A Kurdish-German influence widely known online as Karwan Rawanduzy is a well-known figure among potential immigrants in Europe, but his online videos and other reports often promote false stories, such as the claim that Poland would open the border its in early November.

Mr Rawanduzys’s live posts on a Facebook page called Kurdisch News had more than 100,000 followers before he was deactivated in November after the Kurdish-German influencer said a Polish politician had publicly accused him of helping spark the crisis. The site also contained videos sent by hungry and cold-blooded migrants stranded along the border.

Contacted by phone in Hamburg, Germany, Mr Rawanduzy said he was repeating information about pressure on Poland to open the border, which he said had been reported by the German media. He blamed smugglers and countries including Poland for the misery migrants face and that he was simply trying to help asylum seekers.

Mr Rawanduzy, 42, describes himself as an immigration activist and former refugee who fled Iraq in 2009, two years after a suicide attack in Erbil wounded him.

Mr Faraj is still furious that he followed the advice of Mr Rawanduzy, popularly known by his first name, Karwan, rushing from Minsk to the border. “Everyone knows him and everyone follows him,” he said.

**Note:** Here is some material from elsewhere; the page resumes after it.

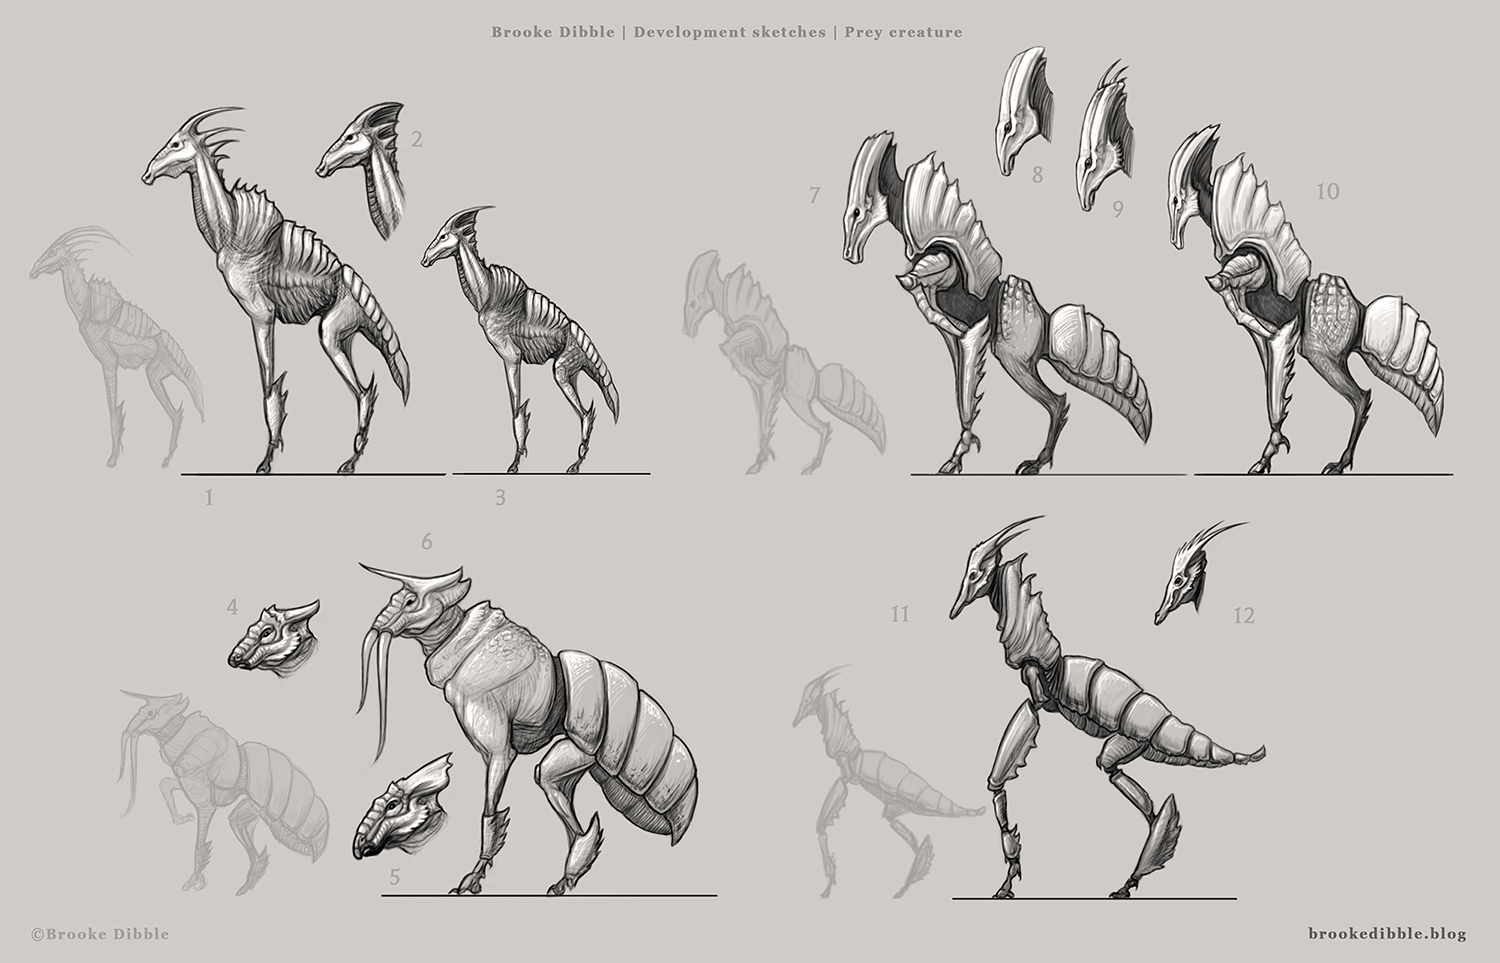 Creature design thumbnail sketches

He added: Karwan deceived us all on Facebook.

Mr. Rawanduzy, who also owns a restaurant, said it is not up to me to feel bad or guilty about the people convinced by his posts. It is up to the Iraqi and Kurdish governments to feel bad about all the reasons why people want to flee.

Andrew Higgins reported by Bruzgi, Belarus, Adam Satariano from London and Jane Arraf from Erbil, Iraq. Reporting was contributed bySangar Khaleelfrom Erbil, Masha Froliak from New York and Christopher F. Schuetze from Berlin.